The 3-Minute Rollback

At 11:47 PM, the on-call engineer's phone rang. The recommendation model was returning zero results for 12% of users. Downstream services were falling back to popularity-based recommendations - degraded but functional. The root cause was immediately obvious: the new model version, deployed two hours earlier, had a preprocessing bug that returned empty tensors for a specific edge case in user history encoding.

With the old system, fixing this would have taken 45 minutes minimum: find the previous model artifact on S3, figure out which deployment config it used, update the serving configuration, restart the serving containers, wait for health checks. The on-call engineer would be manually hunting through S3 bucket paths and Slack messages at midnight.

With the model registry, it took 3 minutes:

# Production model registry rollback - entire process
import mlflow

client = mlflow.MlflowClient()

# Step 1: See what's currently in production
current = client.get_latest_versions("recommendation-model", stages=["Production"])[0]
print(f"Current version: {current.version} (deployed {current.last_updated_timestamp})")

# Step 2: Find the previous production version
all_versions = client.search_model_versions("name='recommendation-model'")
previous = sorted(
[v for v in all_versions if v.version < current.version],
key=lambda v: v.version,
reverse=True
)[0]

# Step 3: Rollback - archive current, promote previous
client.transition_model_version_stage(
name="recommendation-model",
version=current.version,
stage="Archived",
archive_existing_versions=False,
)
client.transition_model_version_stage(
name="recommendation-model",
version=previous.version,
stage="Production",
)

print(f"Rolled back to version {previous.version}")

Step 4: The serving platform - configured to poll the model registry every 60 seconds and hot-reload production models - detected the version change and loaded the previous model without a container restart. Time from alert to resolution: 3 minutes 12 seconds.

This is the operational value of a properly designed model registry. Not just a versioned artifact store - a lifecycle management system with defined semantics, automated integration, and reliable rollback.


Why Model Registries Exist

Before model registries, ML deployment was a distributed coordination problem. The training team would produce a model artifact (a .pkl file, a PyTorch checkpoint, a TensorFlow SavedModel). They would upload it to an S3 path. They would Slack the infrastructure team with the path. The infrastructure team would update a config file. A deployment would happen. If it broke, reversing the process meant another Slack message, another config update, another deployment.

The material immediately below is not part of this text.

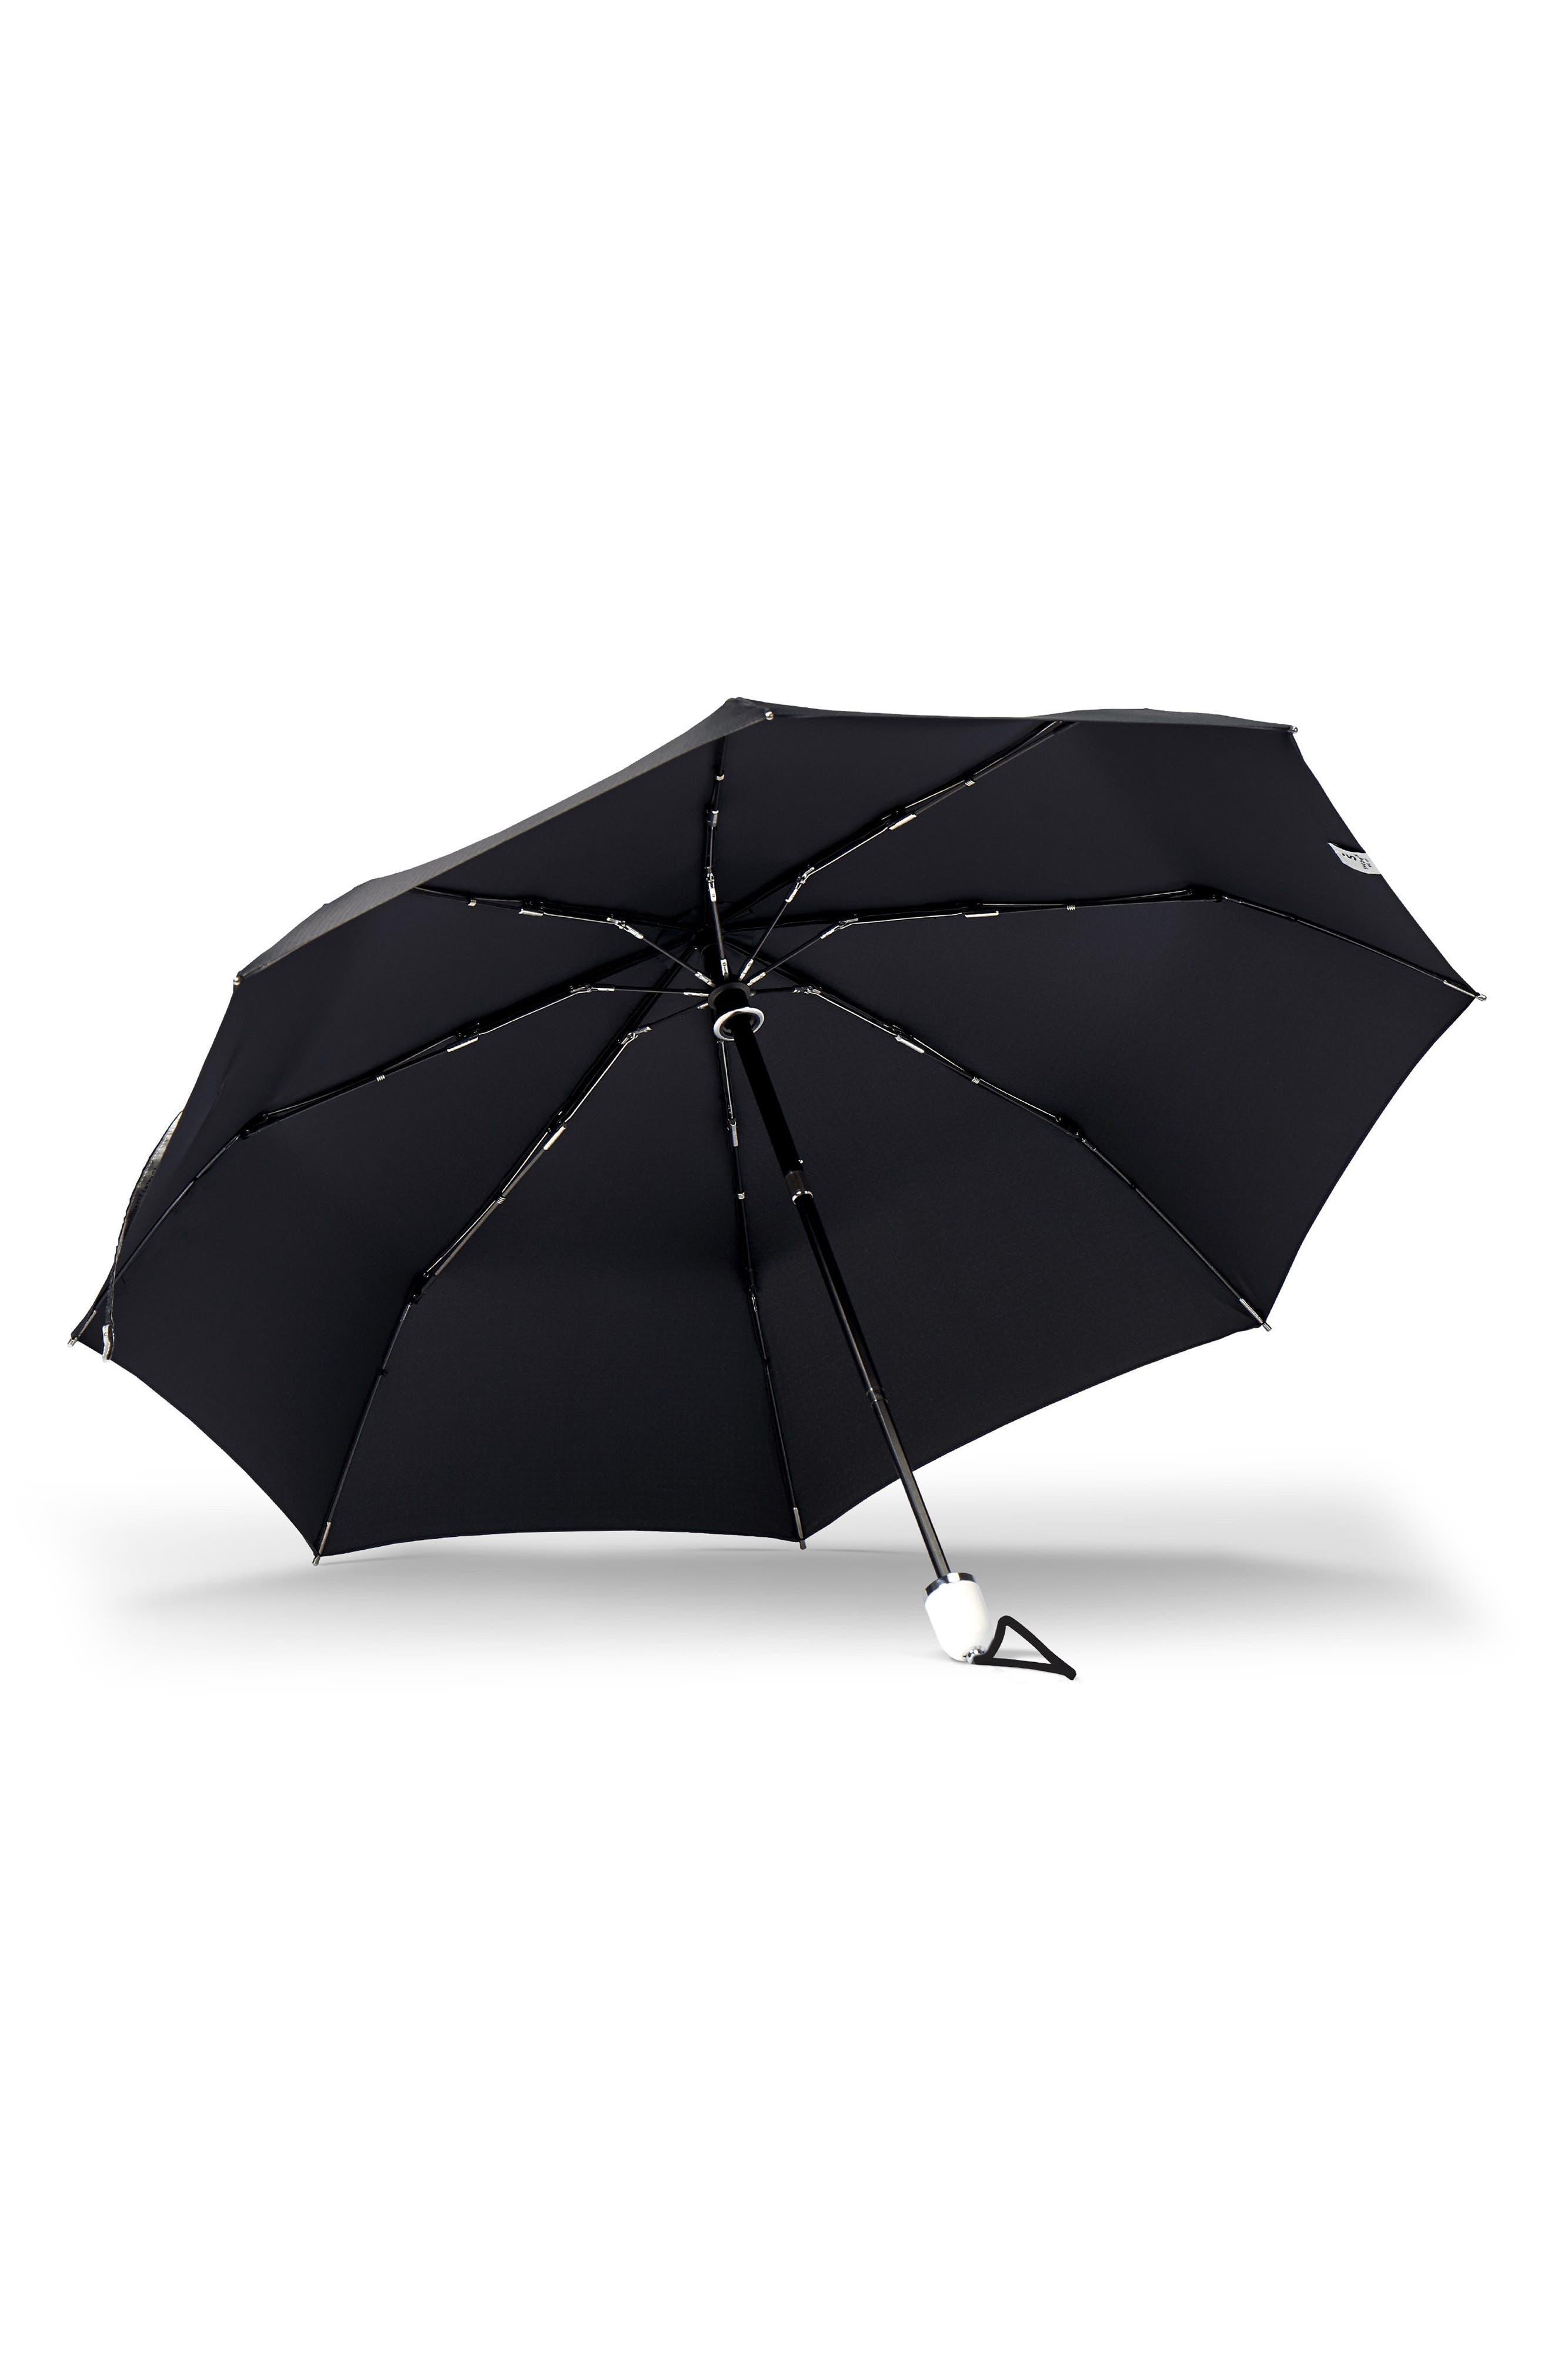 Alternate Image 2  - ShedRain Stratus Auto Open Compact Umbrella

This process had six failure modes:

  1. S3 path not communicated correctly - wrong model deployed
  2. Model artifact uploaded without documentation - impossible to reproduce
  3. No staging environment - production is the test environment
  4. No lineage - can't trace which training data produced this model
  5. No history - rollback requires reconstructing what the previous model was
  6. No governance - anyone can deploy anything at any time

A model registry centralizes all of this into a single, auditable system with defined lifecycle states, explicit approval workflows, and programmatic integration with both training and serving systems.


The Registry Lifecycle Model

The standard model lifecycle has four stages:

Stage Semantics

None: The model has been registered from a training run but has not been validated. This is the output state of every training pipeline.

Staging: The model has passed offline validation (accuracy above threshold, no performance regression) and is deployed for evaluation. In staging, the model may receive shadow traffic (requests routed to it in parallel with production, results not used) or A/B test traffic.

Production: The model is the current live version. Only one version can be in Production at a time (by convention; MLflow does allow multiple). Production models are subject to SLOs - latency, availability, and accuracy monitoring.

Archived: The model is no longer serving traffic but its artifact and metadata are retained permanently. Archived models must be retrievable for regulatory compliance, audit, and rollback purposes.


Implementing the Model Registry

Model Registration with Full Lineage

import mlflow
from mlflow.tracking import MlflowClient
from datetime import datetime
import json

class ModelRegistrar:
"""
Handles model registration with complete lineage and metadata.
Called at the end of every training pipeline.
"""

def __init__(self, tracking_uri: str):
mlflow.set_tracking_uri(tracking_uri)
self.client = MlflowClient()

def register_from_run(
self,
run_id: str,
model_name: str,
artifact_path: str,
validation_results: dict,
description: str = "",
) -> mlflow.entities.model_registry.ModelVersion:
"""
Register a model from a completed training run.
Captures full lineage: run → data → code → model version.
"""
# Get run metadata for lineage
run = self.client.get_run(run_id)

# Construct model URI
model_uri = f"runs:/{run_id}/{artifact_path}"

# Register the model
mv = mlflow.register_model(model_uri, model_name)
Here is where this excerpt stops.